I love being on the beach when the energy is high.

Last year I walked nearly the entire Great Ocean Beach with a few friends. We got a late start and grew tired, so we did not do the last mile.

Yesterday I decided to bag the whole enchilada. I packed food and drink, and all the clothes I might need. Without a car shuttle, I either needed to hitch a ride at the other end or do the walk twice. How would my legs hold out?

The blue line is my track - click to see a larger image

Got up at 5:00 am, drove to North Beach (the midpoint of the Great Ocean Beach, some call it ten mile beach, others twelve mile beach, I call it the outside beach, Drake/Limantour being inside) and stashed two liters of water. Then I drove up to Kehoe Beach and left the car at 6:19 am. After the short walk to the beach I was greeted with moderate winds and huge seas. The foam was deep and all the way up to the dune grass. Enormous waves crashed and pounded the beach.
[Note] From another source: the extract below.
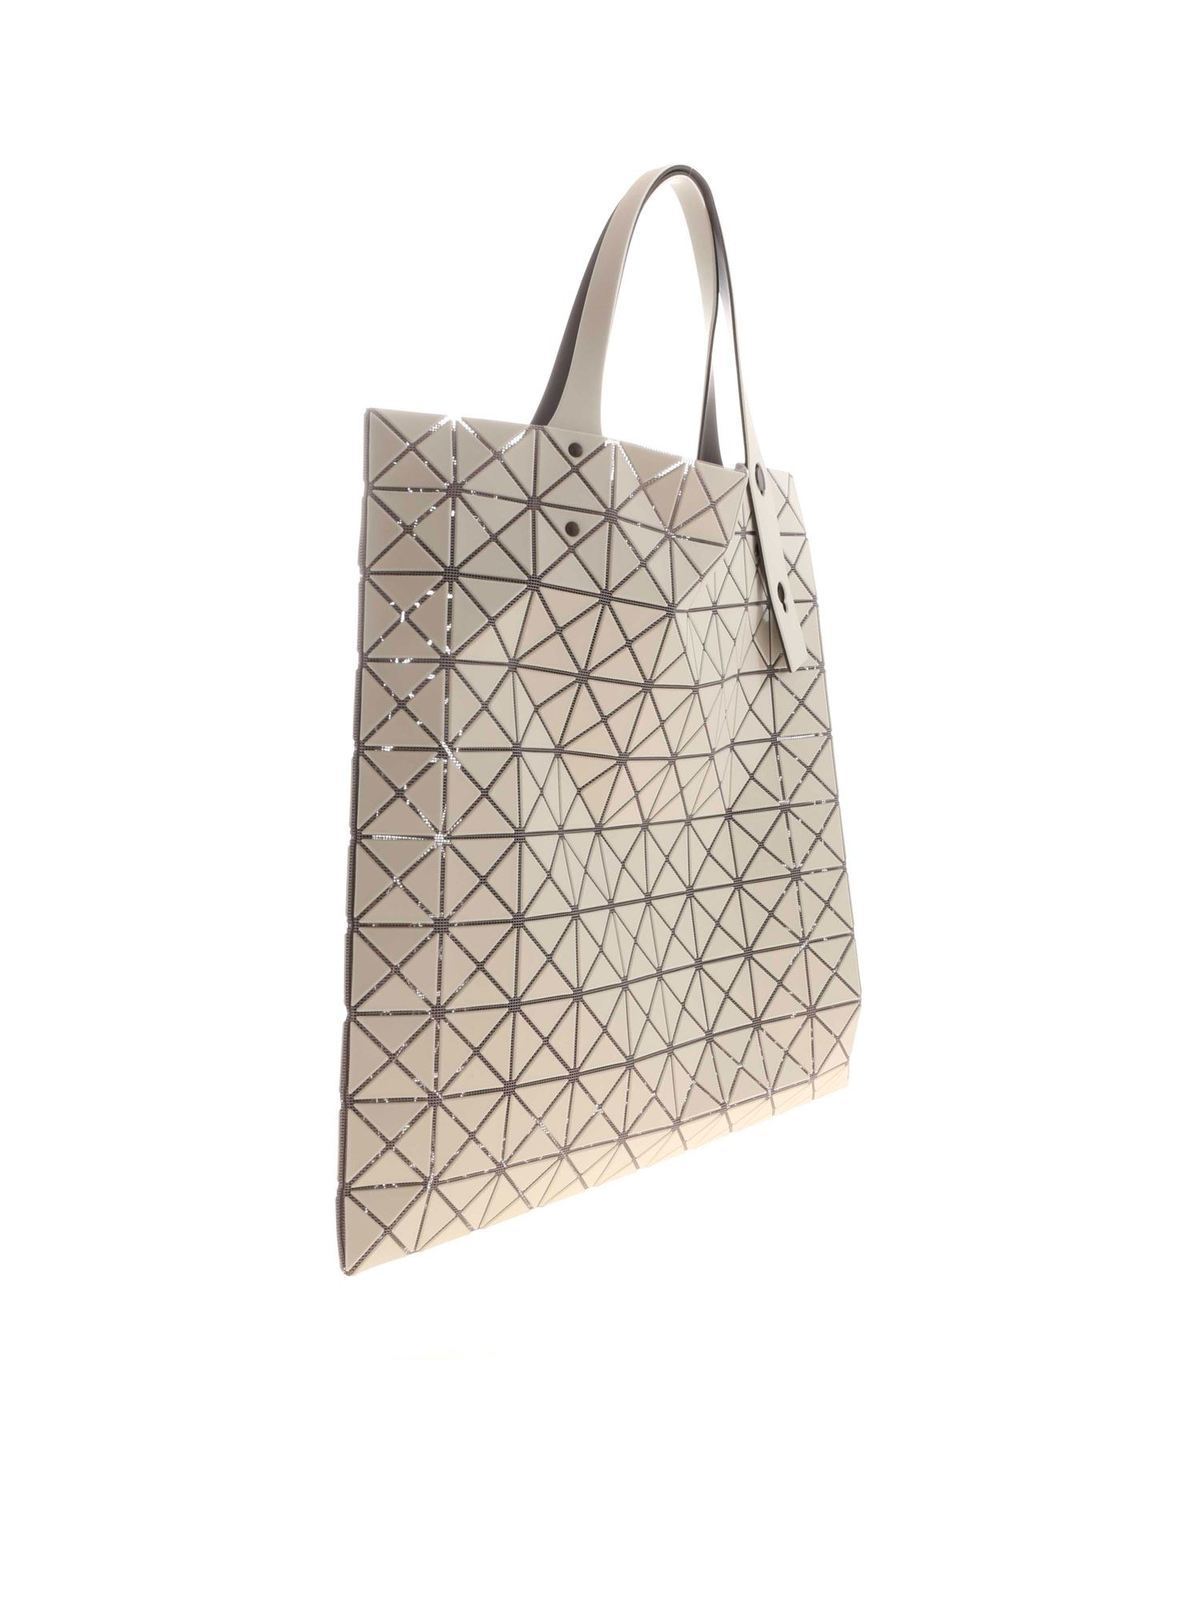 Totes bags Bao Bao Issey Miyake - Prism Frost tote in white

To do the whole beach proper, I hiked north about two thirds of a mile to the wall. I had to dodge waves and deep drifts of thick foam all the way to the wall. Sea birds, wounded in the heavy surf littered the beach or swam in the foam/water, clearly not well. At the wall I set a waypoint and set off to the wall at the other end by the Lighthouse. It was 6:49 am.
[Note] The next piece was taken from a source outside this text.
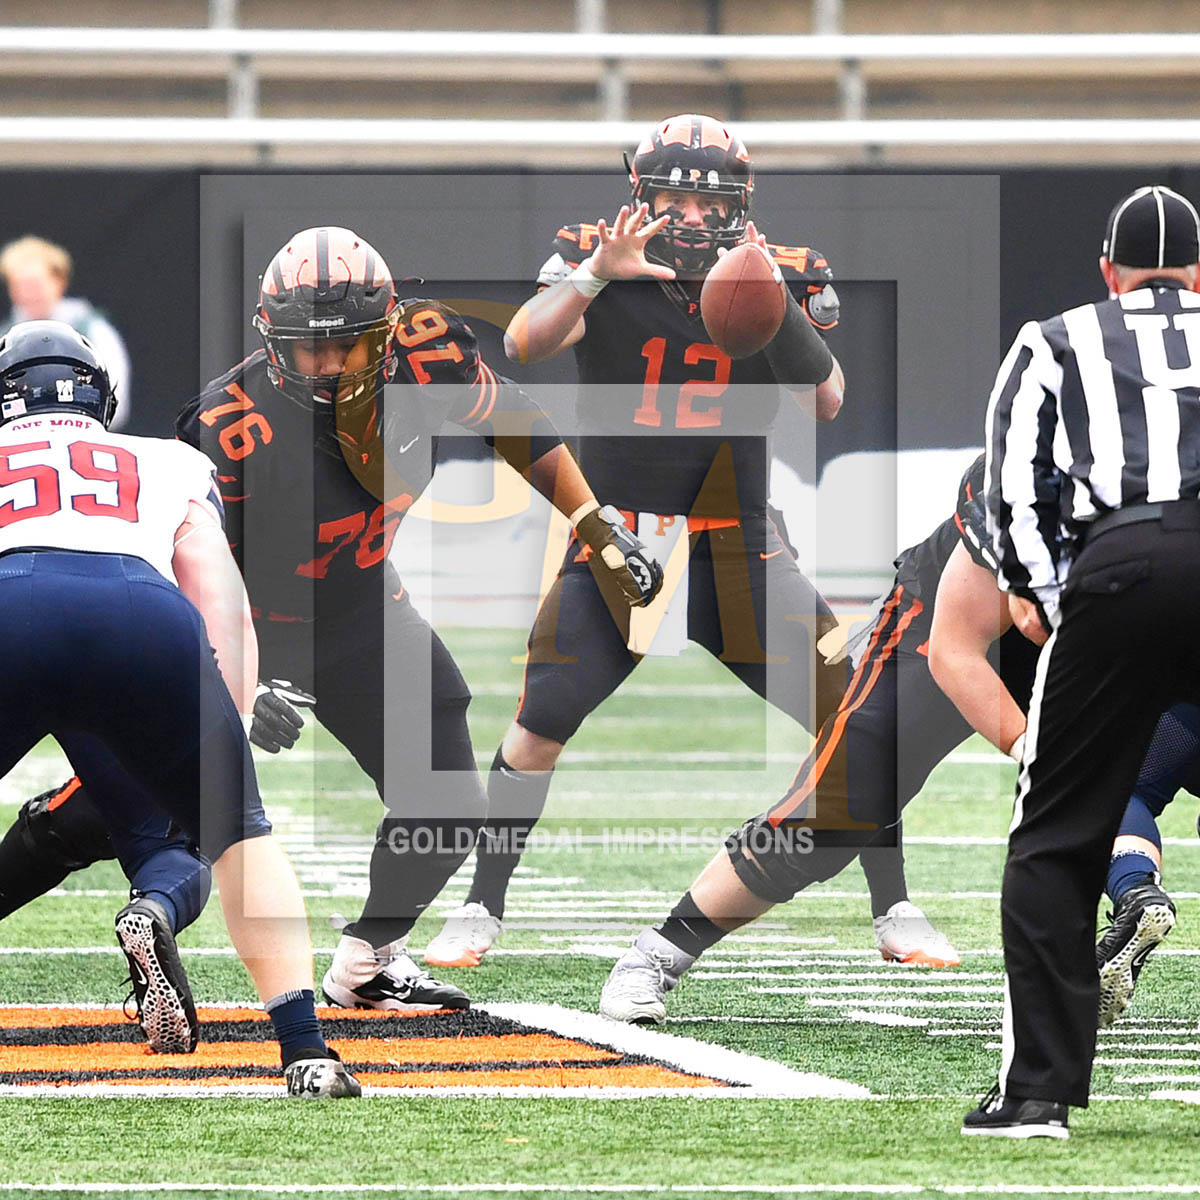 Princeton University star quarterback, JOHN LOVETT, takes the ball in the first quarter against Penn. LOVETT led his team to ther first undefeated season in 54 years, defeating Penn 42-14.

All along the way I was serenaded with the sound and sight of enormous crashing waves. Waves twenty feet high crash long and loud, foamy spray shooting into the sky. The litter load was not as heavy as I would have thought. Lots of crab gear, some pelagic litter (from far away, coated with goose-necked barnacles and green slime) and the usual wrappers, bottles and broken patio furniture. One glass IV bottle showed up with Asian writing. As did a small brown glass vial for needle use. Only one hypodermic needle today.

Given my need for speed, I did not pick up everything in sight as is my usual MO. Plastic bottles, tennis balls, oyster spacer tubes, plastic brims from sports caps and the random toy made it into my several bags.

At one point I almost tripped over a Western Grebe. It immediately began kicking with one leg and crying out. The other leg was lifeless. I backed off a bit til it quieted down and watched it for a few minutes. It was terrified, unable to move except in a semi-circle as it kicked with one leg and cried. I pulled out my knife, said a short prayer, looked it in the eye and put it down.

Still miles from the other wall, I moved out, the lifeless, yet I hoped no longer suffering grebe foremost in my mind.

As I neared the North Beach parking lot, I noticed the heavy surf had knocked down a large portion of the rope fence put up to keep people out of Western Snowy Plover nesting areas. Walking along and resetting several posts, I hoped I had set it in the same location it was before.

By now I had about 35-40 pounds of trash with me, time to cache this and get some water and snack. One apple, some cheese and chocolate washed down with a liter of water and I was good to go.

Eventually I reached the South Wall at 1:07 pm and stopped for lunch. Legs sore and now facing a headwind, the idea of punting at either South Beach or North Beach on the way back crept into my fatigued mind. My third apple, 2 more ounces of cheese and some chocolate consumed, I set off into the quartering-headwind from whence I came.

By the time I reached North Beach again, my legs and feet held the floor and the vote was in, punt. Climbing over the bank, the parking lot was full of cars, surely one was headed to Kehoe eventually.

The nearest car’s driver had just hopped in and turned the key. I caught his eye and got him to roll his window down. “Hi, are you by chance headed to Kehoe Beach?” I asked.

“Well, I am making it up as I go today, where is Kehoe?”

“About twenty minutes north of here, I’ll show you the way and explain the sights as we go.”

“Great, hop on in.”

Daniel was visiting from the East Bay for the day, exploring beaches he had not visited in many years. He drove me right to my car. I and my feet thanked him profusely and we parted ways.

I popped three more ibuprofen and headed back to pickup the trash I had cached at both North and South beaches. I still have another cache to pickup further south and will do that later.

After 20.85 miles in soft, sloping sand, the hot shower felt wonderful.